TEMPO.CO, Yogyakarta - Bursa seni rupa terbesar di Indonesia, Art Jog 2016, masih ramai dikunjungi meski terus dikritik dan ramai diperbincangkan di media sosial. Art Jog yang menggandeng PT Freeport Indonesia sebagai sponsor menuai kecaman dari sejumlah kalangan seniman, juga aktivis lingkungan dan hak asasi manusia.

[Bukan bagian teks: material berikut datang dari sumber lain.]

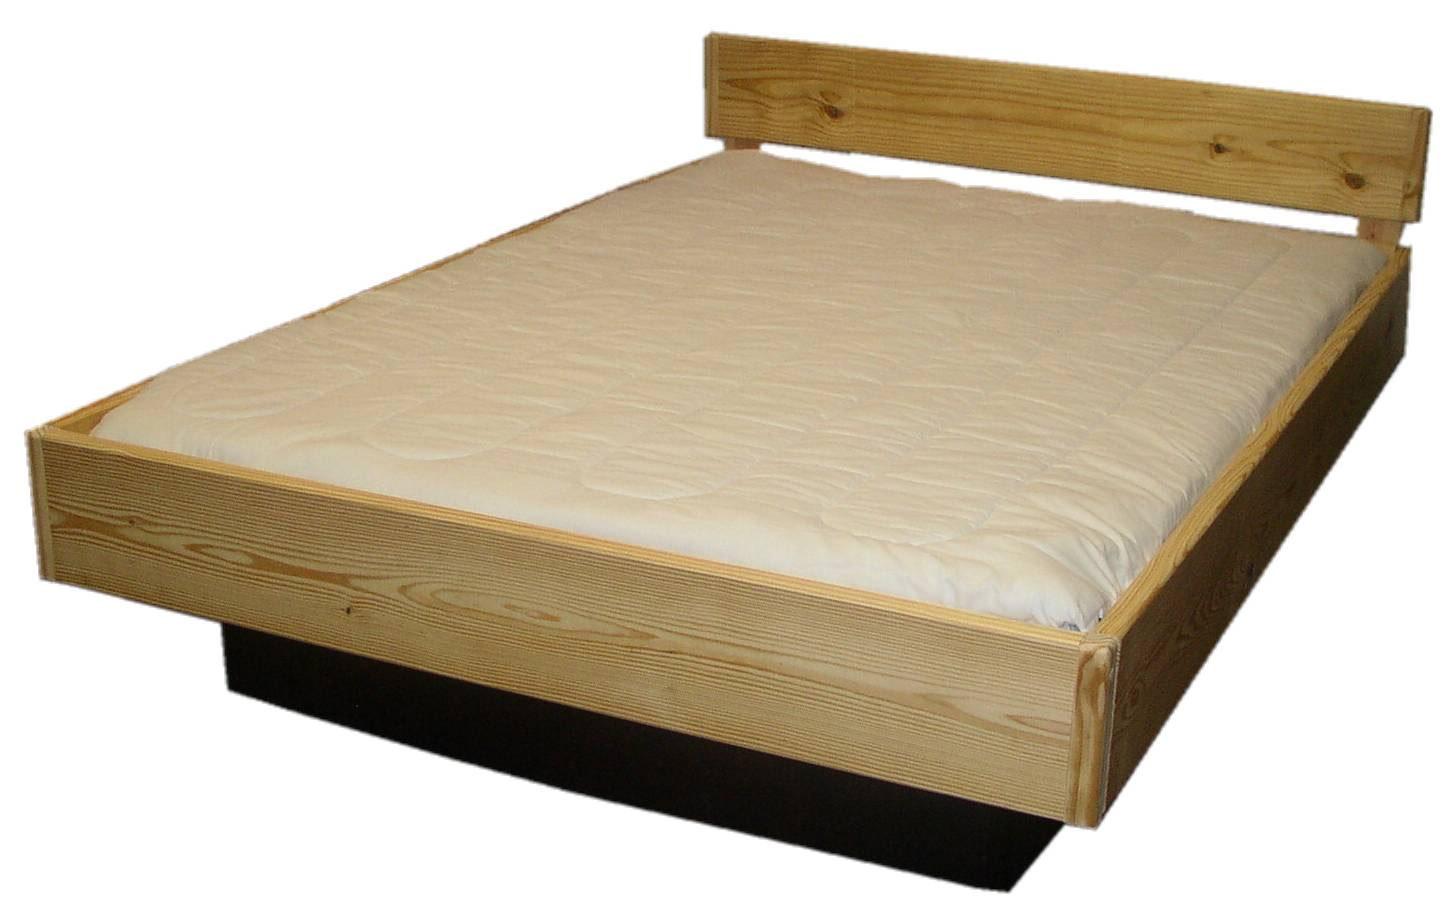 Hardside waterbed mattress. Waterbed heater

Meski begitu, selama tiga pekan berlangsung, jumlah pengunjung Art Jog tetap ramai. Panitia Art Jog 2016, Tiyassari Basara, mengatakan per hari rata-rata tiket terjual sebanyak 1.000 lembar. Hari biasa tiket yang terjual sebanyak 650 dan pada akhir pekan sebanyak 1.500 tiket. Ia mengoreksi jumlah pengunjung Art Jog per hari yang sebelumnya Tempo sebut rata-rata 100 orang.

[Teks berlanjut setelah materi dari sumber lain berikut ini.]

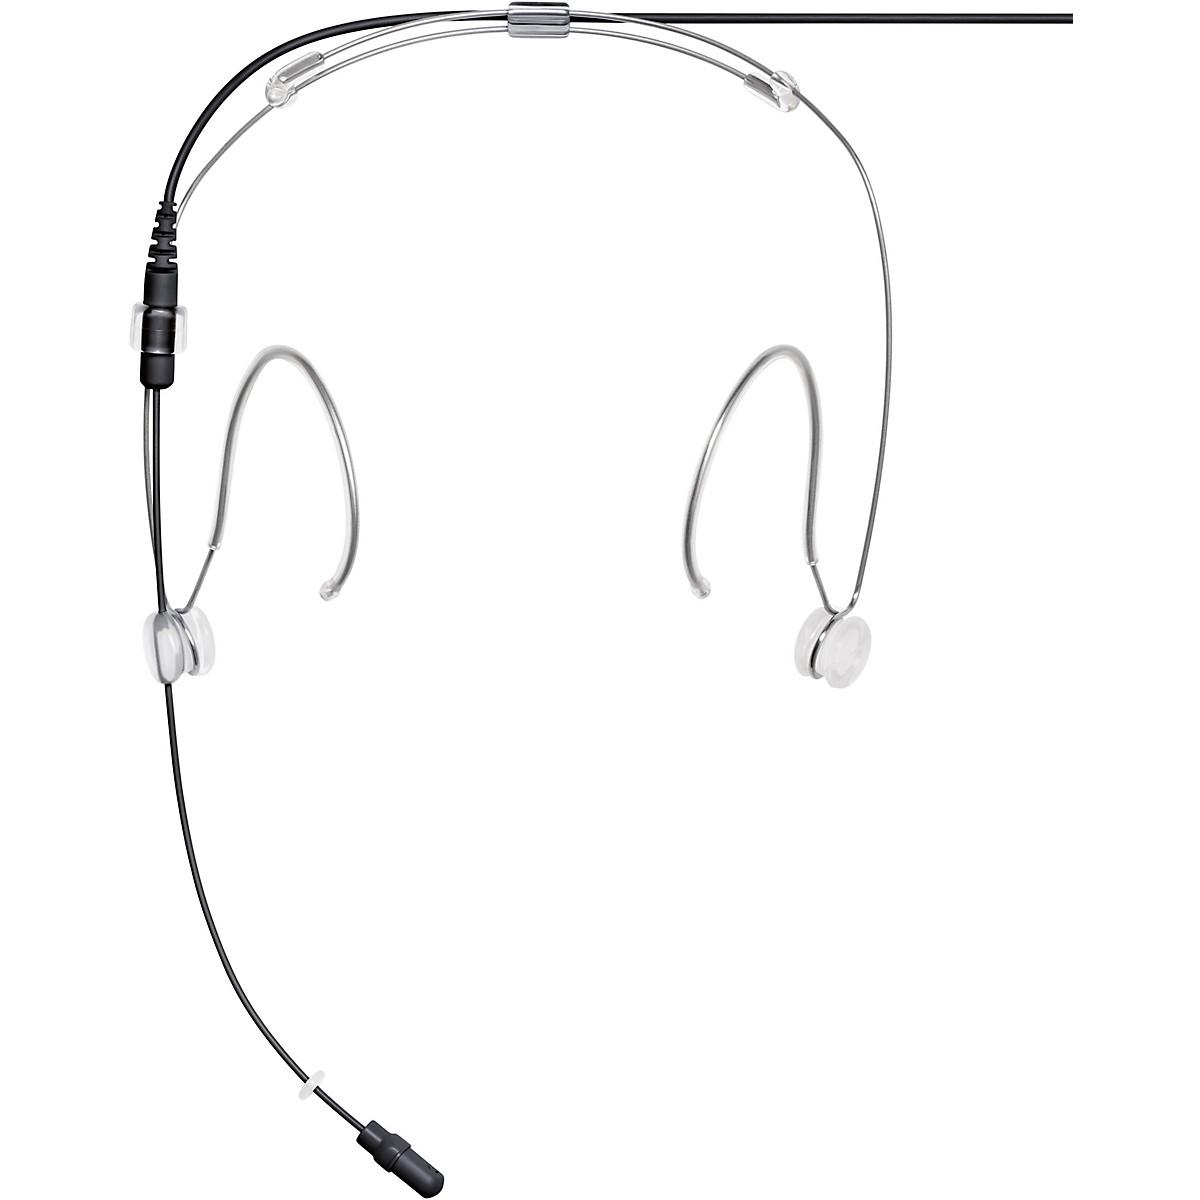 Shure DH5 DuraPlex Omnidirectional Headset Microphone (MTQG Connector)

Pengunjung asal Jakarta, Dian Rusdi, mengatakan banyak karya bagus yang dipamerkan di Art Jog di antaranya karya seni animasi seniman Jepang berjudul Kiya-kiya. Ada juga karya seniman komunitas seni Taring Padi, Mohamad Yusuf atau Ucup. Menurut Dian, karya Ucup agak mengagetkan. “Saya melihat karya Ucup yang biasanya bicara pemberontakan sosial, kali ini bermuatan religius,” kata Dian.
Ia mengkritik karya seniman Vincencius “Venzha” Christiawan, yang menyajikan karya utama sebagai land mark Art Jog. Menurut Dian, karya Venzha kurang menggarap sisi keindahan. Melihat karya itu, kata dia, seperti tidak ada bedanya dengan menyaksikan menara pemancar radio kebanyakan atau menara operator telepon seluler.

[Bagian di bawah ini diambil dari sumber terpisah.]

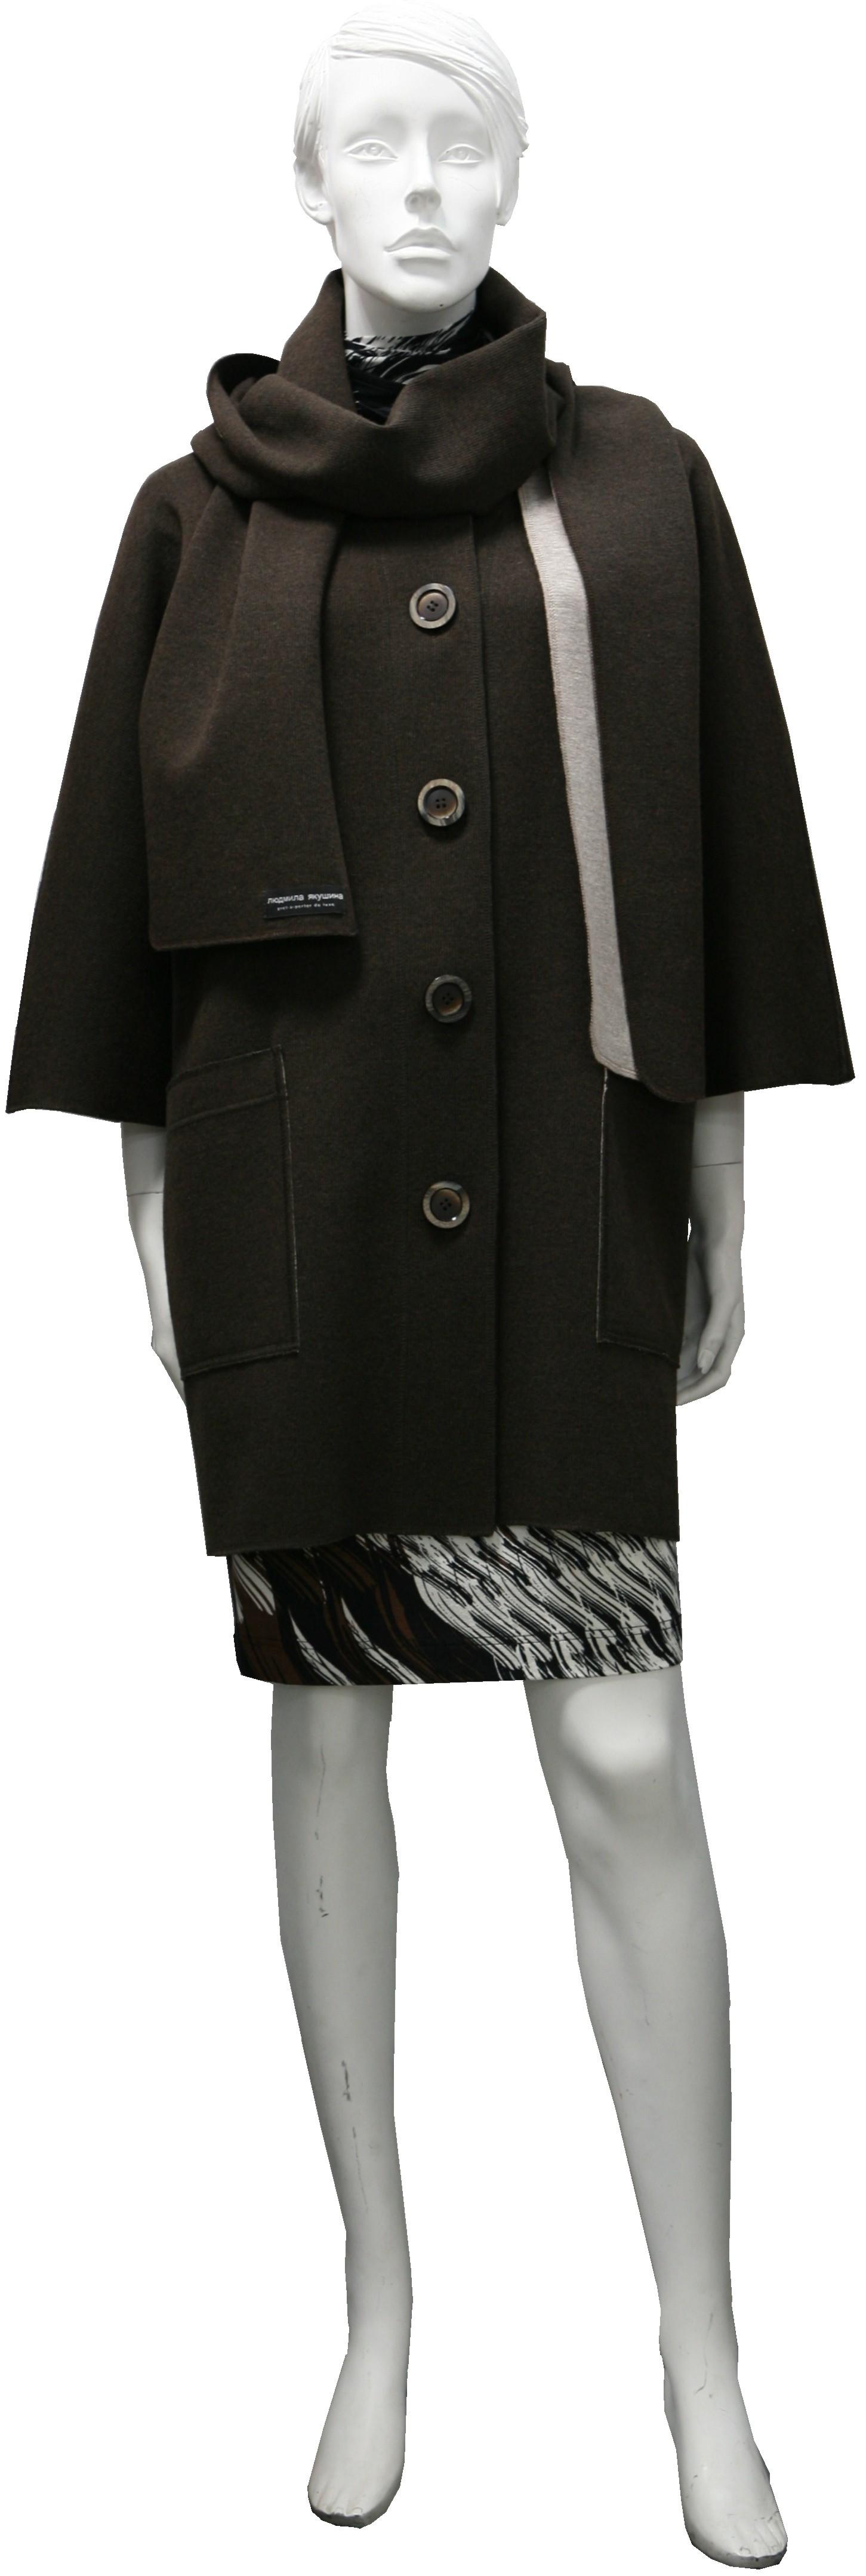 2052 184 500 пальто (20500).

Sebelumnya, Direktur Art Jog Heri Pemad menyatakan tidak akan mengembalikan uang sponsor sebesar Rp 100 juta yang telah diberikan PT Freeport Indonesia untuk penyelenggaraan bursa pasar seni rupa terbesar di Indonesia itu. Ia sudah mengikat komitmen dengan Freeport.
Menurut Heri Pemad, tidak mudah buat panitia Art Jog untuk menghentikan perjanjian dengan perusahaan tambang asal Amerika Serikat itu di tengah penyelenggaraan kegiatan. Art Jog berlangsung di Jogja National Museum pada 27 Mei-27 Juni 2016 dan diikuti setidaknya 72 seniman.
Menurut Heri, bila ia menghentikan sponsorship Freeport, ia bisa kena masalah hukum. “Kalau kami mengembalikan uang Freeport, itu sama artinya kami menelan kembali ludah kami sendiri,” kata Heri.
Panitia Art Jog mendapat kecaman dari sejumlah pihak akibat menggandeng Freeport. Kecaman datang di antaranya dari komunitas seniman street art, Andrew Lumban Gaol. Ada juga kritik dari Lembaga Seni Budaya Muslimin Indonesia (Lesbumi) Nahdlatul Ulama dan Front Nahdliyin untuk Kedaulatan Sumber Daya Alam. Tak hanya itu, kecaman juga datang dari Forum Solidaritas Yogyakarta Damai.